#### [Problem to work on]
Print the whole listing below exactly as given, pictures excluded.

#### [Information supplied]
↓
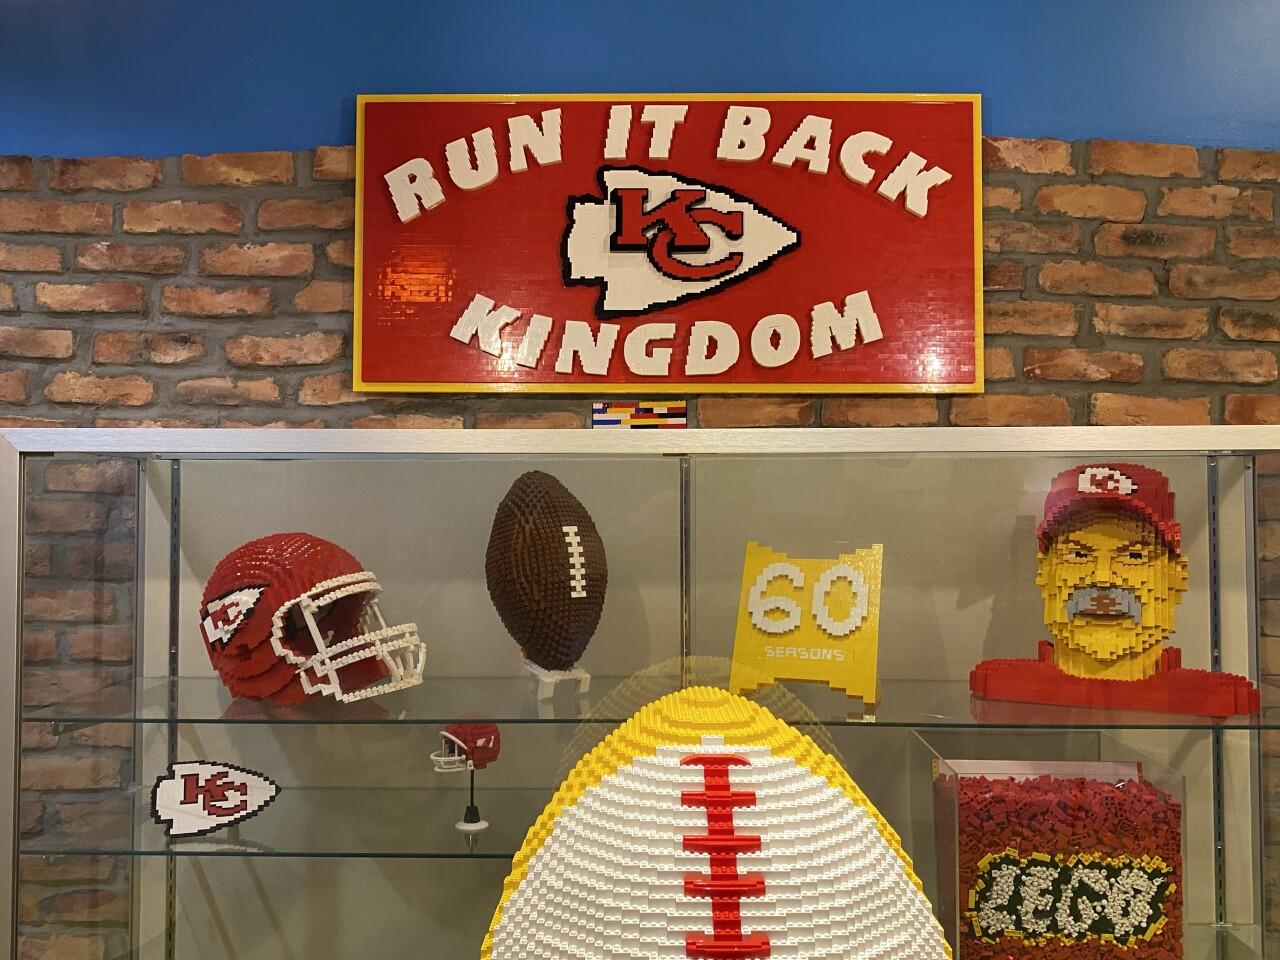 Chiefs Run It Back legoland.jpg
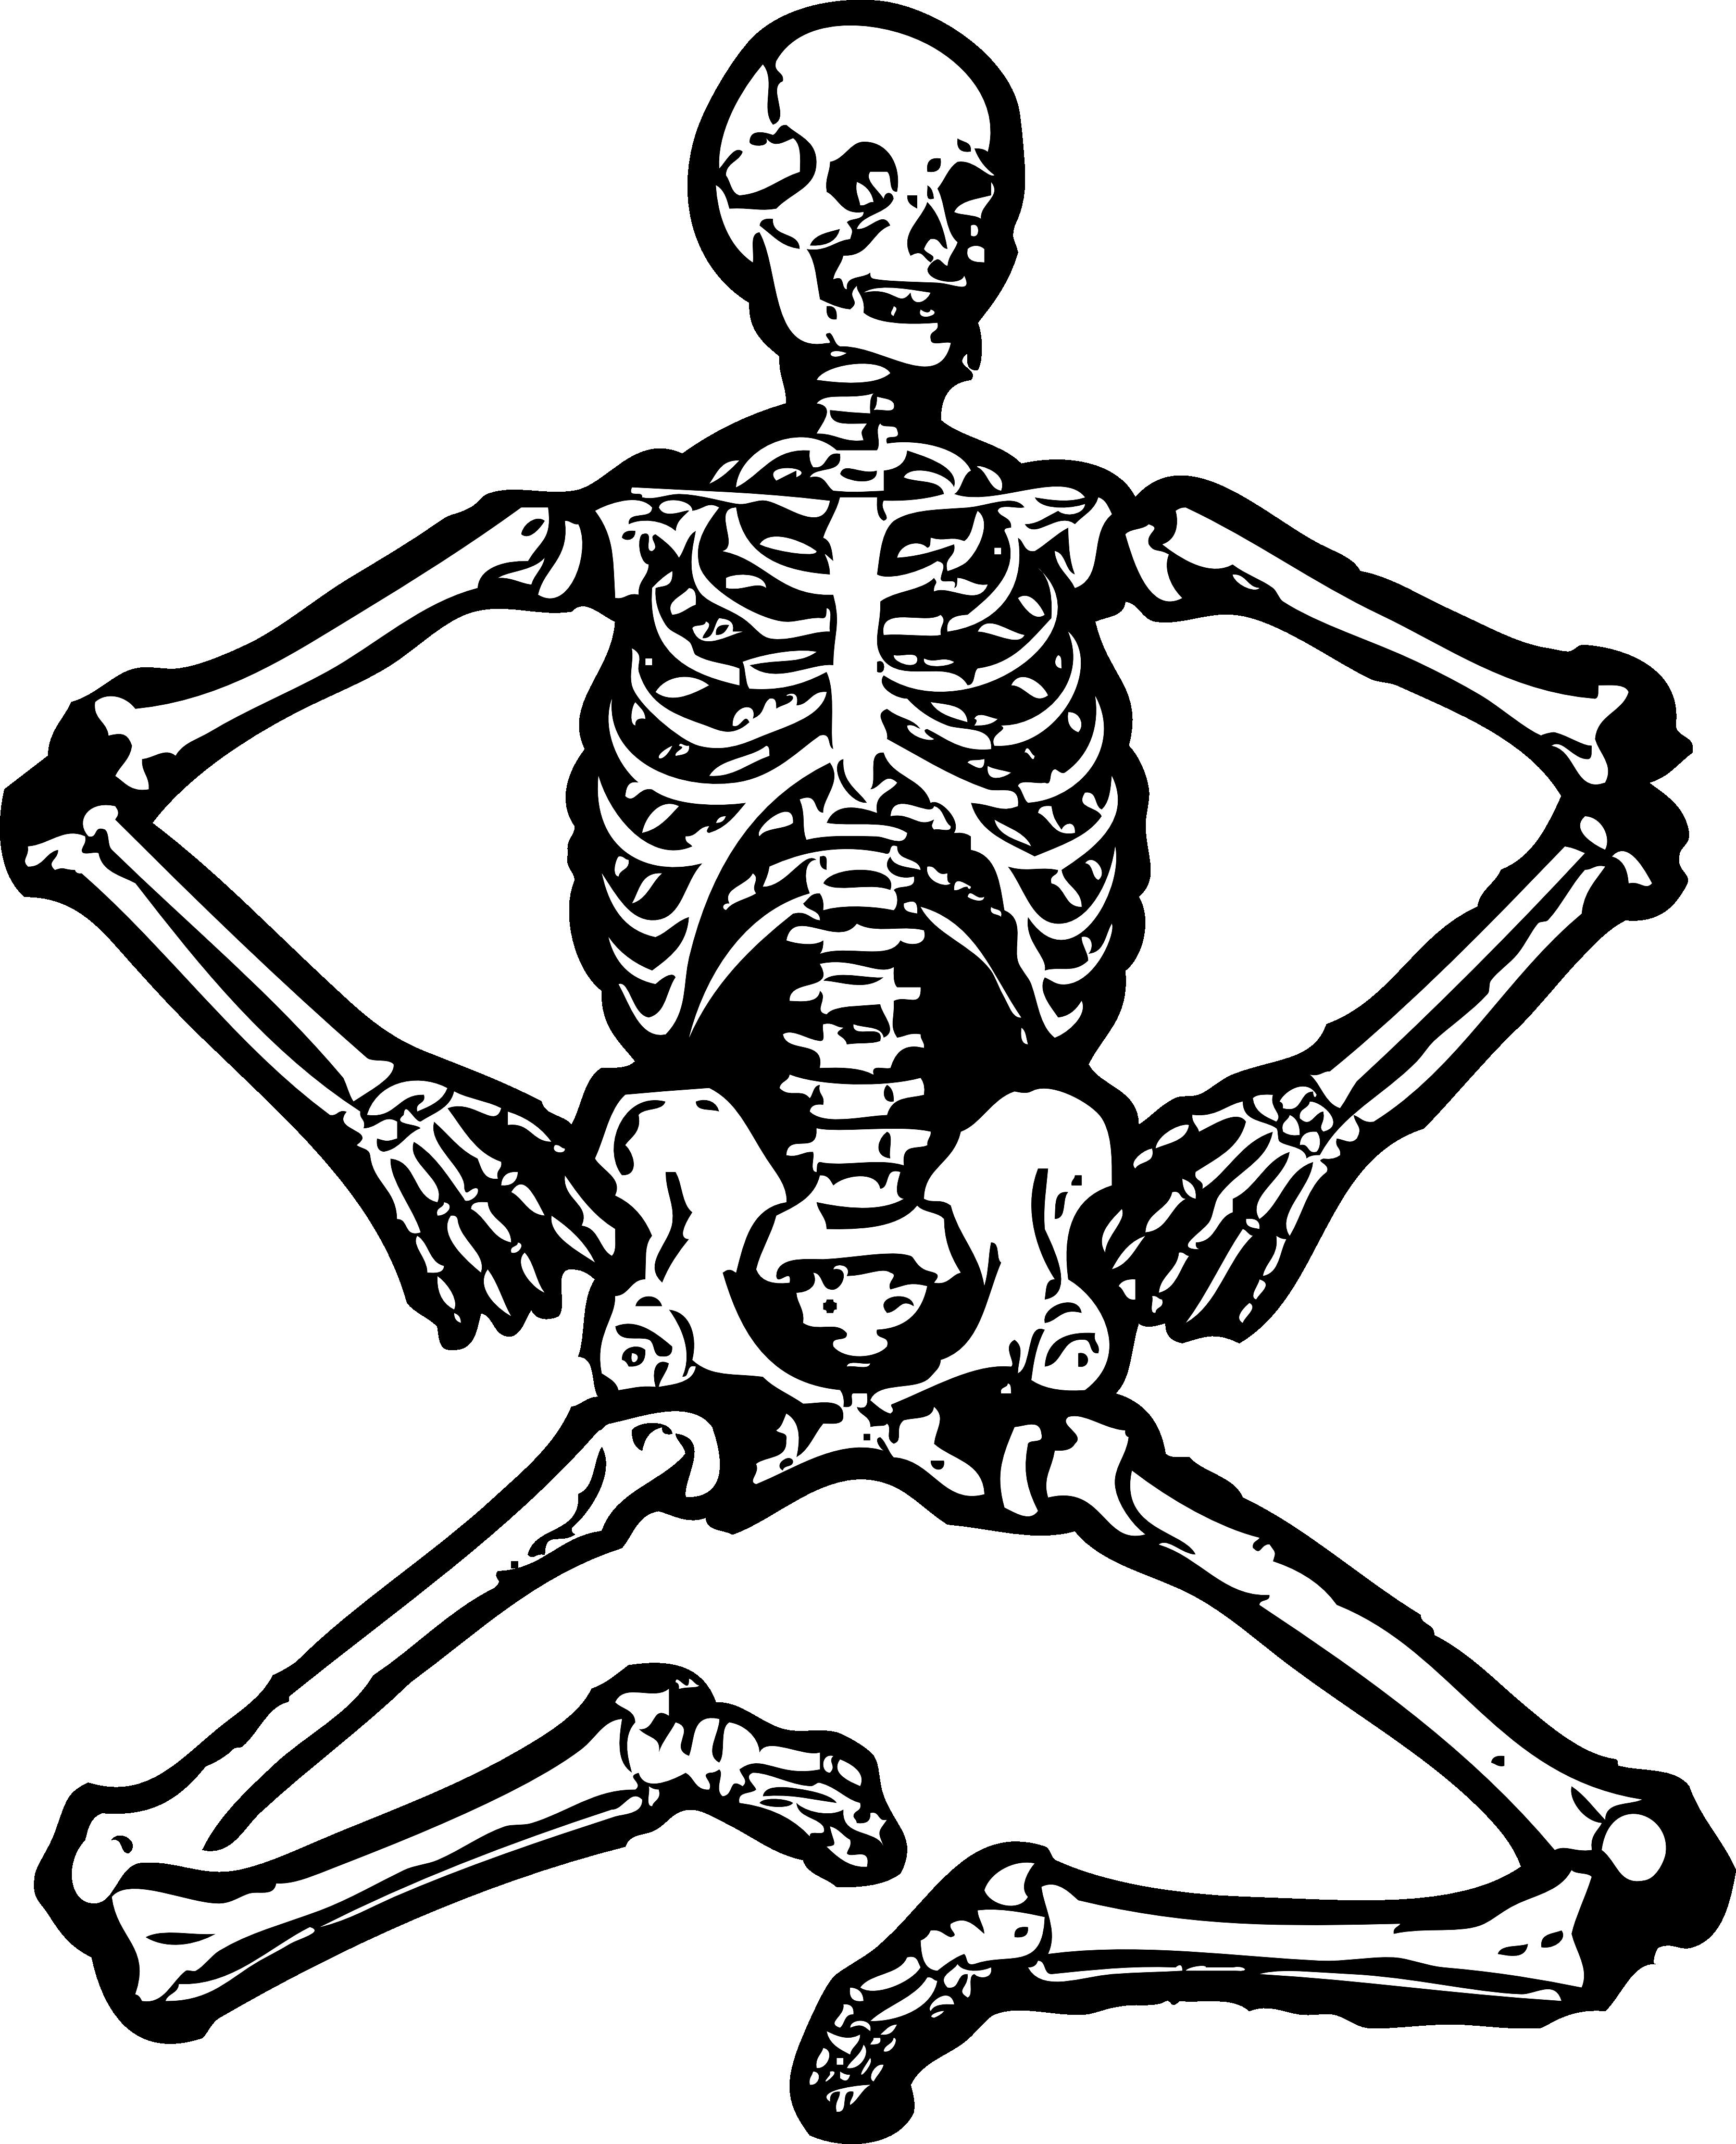 Skeleton clipart. Bone printingbrochures info human
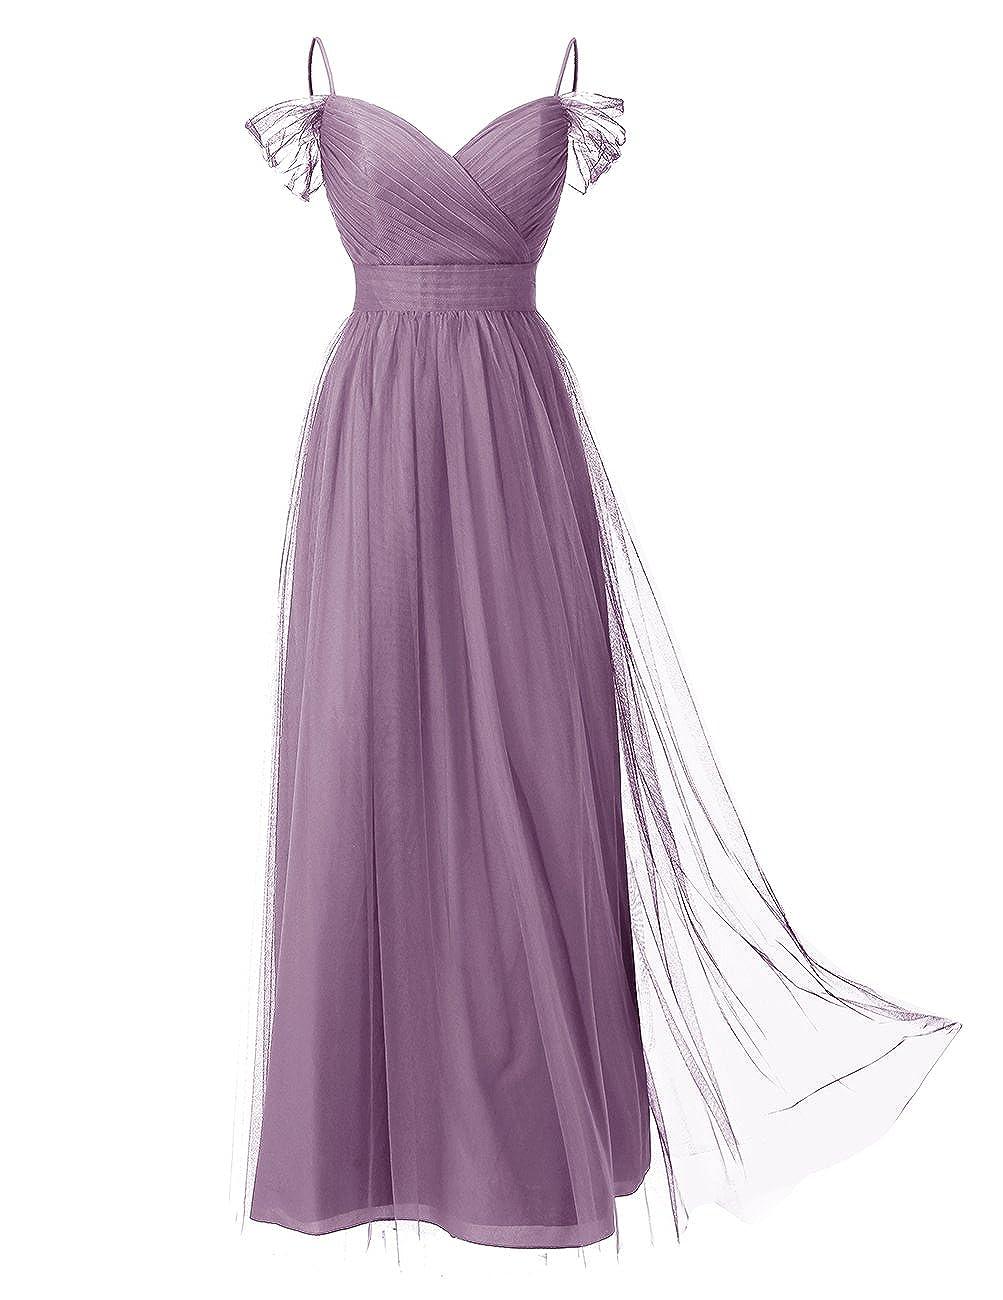 Downton Abbey Inspired Dresses DRESSTELLS Long Prom Dress Tulle Off Shoulder Bridesmaid Dress with Pleat $79.99 AT vintagedancer.com
↑
#### [The answer]
 Chiefs Run It Back legoland.jpg
 Skeleton clipart. Bone printingbrochures info human
 Downton Abbey Inspired Dresses DRESSTELLS Long Prom Dress Tulle Off Shoulder Bridesmaid Dress with Pleat $79.99 AT vintagedancer.com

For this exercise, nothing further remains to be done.